When you log onto your personal or business checking account via your financial institution’s online service you will see two figures, the ledger balance and the available balance. At times, these two amounts are the same, but many times they’re not equal. The difference between the balances can make a difference in how you track your money.
A ledger balance is calculated by subtracting the total number of debits from the total number of credits in a given bank account. It is a beginning of day balance. The ledger balance can be thought of as a snapshot of where the account stands with the financial institution. It changes as new debits and credits are added to or subtracted from an account and is used in reconciling account balances.
The available balance is the amount of money that is available to be withdrawn from the account and is a beginning of day balance plus or minus any of the day's credits or debits. The available balance includes debits that have not cleared the account, whereas the ledger balance doesn’t always reflect those transactions. Ledger balances can be thought of as the official balance of an account.

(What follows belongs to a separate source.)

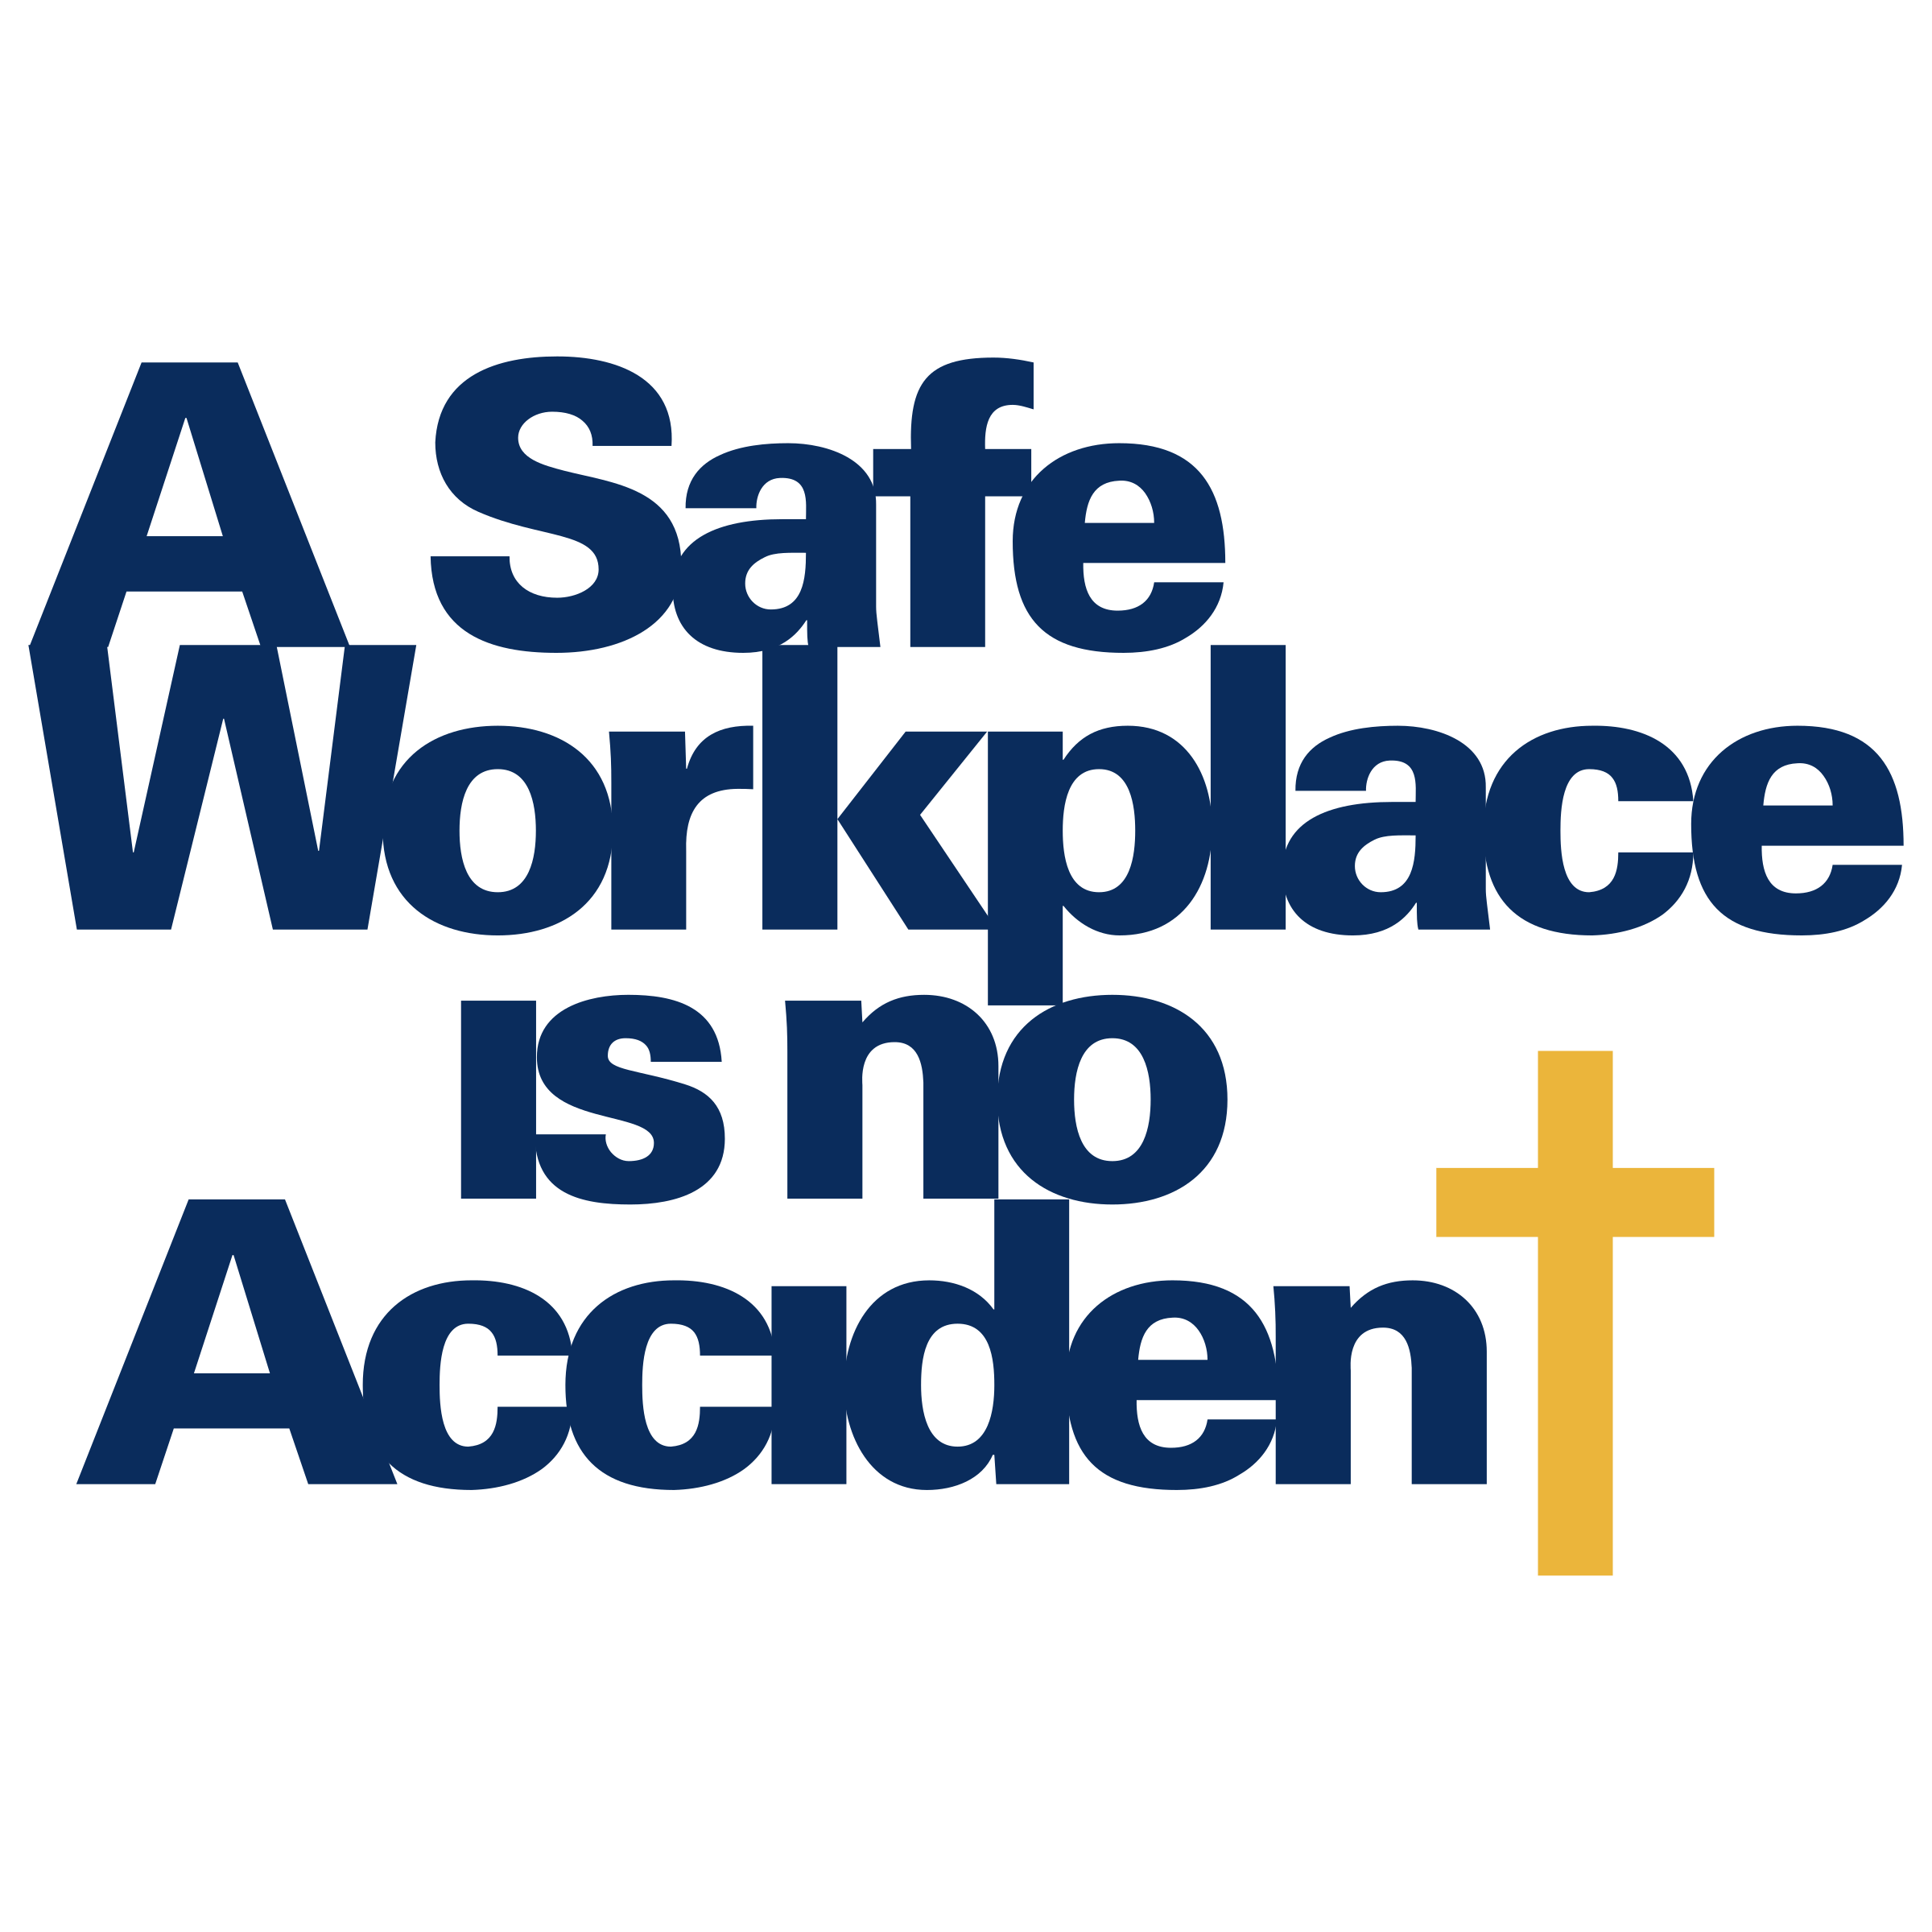 Accident Logo - A Safe Workplace is no Accident Logo PNG Transparent & SVG Vector ...

Example: Low Available Balance
For example, one afternoon when you check your account via your financial institution's online system, the ledger balance is $100 and the available balance is $85. Earlier in the day you bought an item for $15. The transaction has been initiated by the store but hasn’t completely cleared your bank account yet. The ledger total is what the bank's books read, and the available balance is the actual amount of funds you have available for your usage.
Example: High Available Balance
In another example, you check your account in the morning and the ledger balance equals $250. The available balance also equals $250. Your employer deposits $100 in the account a few hours later. Then, you make a lunch purchase for $7. After lunch, you check your account and the two totals differ. The ledger balance still reads $250, but the available balance equals $343. This is because the most recent two transactions have been initiated but not completed with the financial institution.
When you log onto your account online, the layout you see is the modern-day version of the old accounting ledger. Banking records, whether they’re online or on paper, serve the same purpose. They allow customers to see data at a glance and compare their calculations to the financial institution’s figures. The ledger balance versus available balance question arises out of modern technology and the ability to track bank records throughout the day, as opposed to having to travel to the institution and compare ledgers with an employee.